You cannot proceed with your visa application if you don't have positive ACS assessment - you need to provide your ACS reference number.

Going for a migration agent will not change your situation as clearly indicated in the result, you provided INSUFFICIENT DOCUMENTATION. I assume, you didnt read through ACS requirements and followed their instructions down to the letter with providing detailed employment history, start and end date, certified true copy, all responsibilities, etc etc.

You can only try and go for Appeal and inform ACS you have further evidence to change their decision. Well, you better have other documentary evidences to provide, otherwise the money you paid for ACS will have just gone to waste.


----------



## er_vik (Jul 7, 2014)

You say that "
You can only try and go for Appeal and inform ACS you have further evidence to change their decision. Well, you better have other documentary evidences to provide, otherwise the money you paid for ACS will have just gone to waste.
"
does that mean that If i go for appeal I can tell them I have further proof for my documentation because the letter further states that 
" Only original documentation can be included in the appeal assessment and 
no new information or documentation can be submitted in this instance. If the appeal concludes that 
the application has been incorrectly assessed by the ACS, a full refund of your appeal fee will be 
provided. If the appeal remains as originally assessed, a refund of the fee will not apply. 
"
Please confirm


----------



## tipzstamatic (Aug 13, 2013)

Appeal or review. I forget which. It also can be case to case depending on your CO. You have their email to ask them straight to clarify if you have new and correct evidence.

it just baffles me you paid 450aud (or higher) without any regard (based on results) on the format of the documents they needed you to submit.


----------



## er_vik (Jul 7, 2014)

Hmmm Well I didnt go for a MARA and rather did my own homework and submitted the documents, and also showed them across to couple of people who have already got their visas n PR...


----------



## xxxxxxxxxxxxxxxxxxxxxxxxxxxxxxxxxxprgeek001 (Mar 5, 2014)

Hi Buddy
I am really sorry to hear that ACS has not accessed your experience.
Its saying "Not Assessable due to Insufficient Documentation ". I guess you dint provide all documents as required. If this is the case i would suggest you to get proper documents like Roles n Reference or Stat deceleration from you peer. 
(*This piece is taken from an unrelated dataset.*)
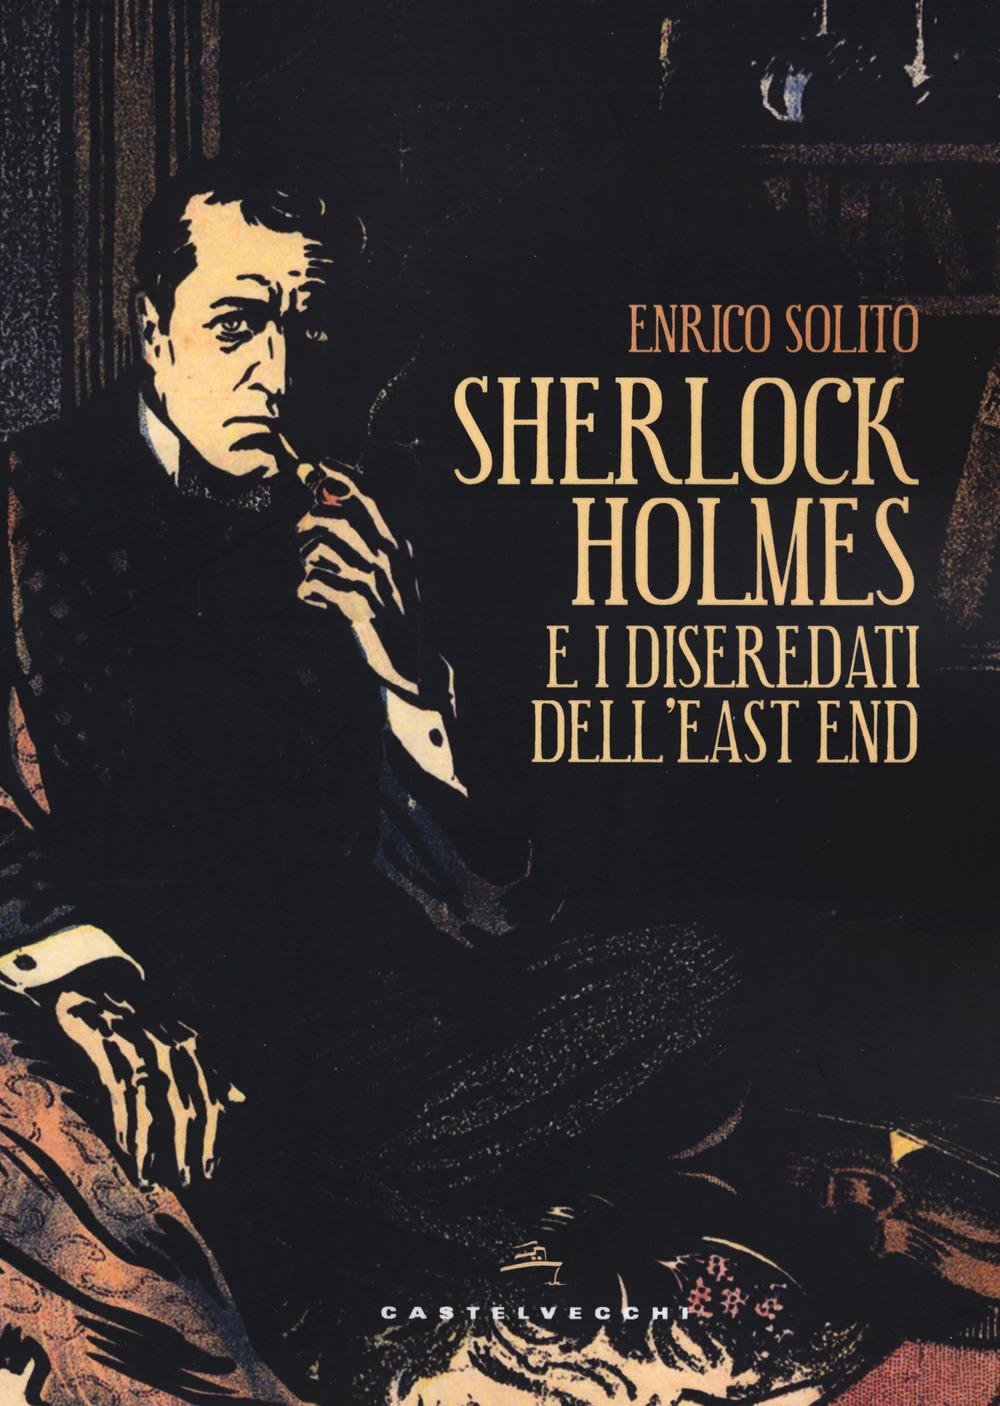 SCHERLOCK HOLMES E I DISEREDATI DELL'EAST END - Solito Enrico - 9788832902716

Can you share me your profile details so that i can help you how to proceed further and in which code. I am sure there must be a way for getting positive assessment from ACS.

BTW i have also applied in your category of SOL with ACS, thats why asking you to send details.

Cheers


----------



## er_vik (Jul 7, 2014)

Hi 
I uploaded below documentation:
1. Passport- Attested
1.A- Education Cert- Attested
2. Company Exit Letters-Attested
3. Stat declaration from my peers/ colleagues in my companies which was notarized on Bond paper, Attested and witnessed. They mentioned the tenure in the company, roles and responsibilities in the company, the designation and location of working.


----------



## xxxxxxxxxxxxxxxxxxxxxxxxxxxxxxxxxxprgeek001 (Mar 5, 2014)

did u attach all companies stat deceleration with peers.. none was from any managers or seniors..


Cheers


----------



## er_vik (Jul 7, 2014)

Yes none was from any managers, though I could have done that, but that would have hardly made any difference. because the roles and responsibilities were documented by me based on my job profile.
Do you think otherwise


----------



## er_vik (Jul 7, 2014)

I just sent you the invite from my gmail..any help is great


----------



## sreejithkhan2014 (Jun 27, 2014)

Really sorry dear, please let us know if you could change ACS decision

Good luck


----------



## bond_bhai (Jan 26, 2012)

Usually, if you are submitting a "Stat dec" then its advisable to submit an org chart as well. Atleast thats what i did. The org chart described how the referee who provided the declaration was related to me in the organization. 
This is what they say "A Statutory Declaration or Affidavit written by a work colleague needs to describe the working relationship with you and details of your duties performed with relevant dates of employment. It is preferable that the work colleague writing the declaration be at a supervisory level."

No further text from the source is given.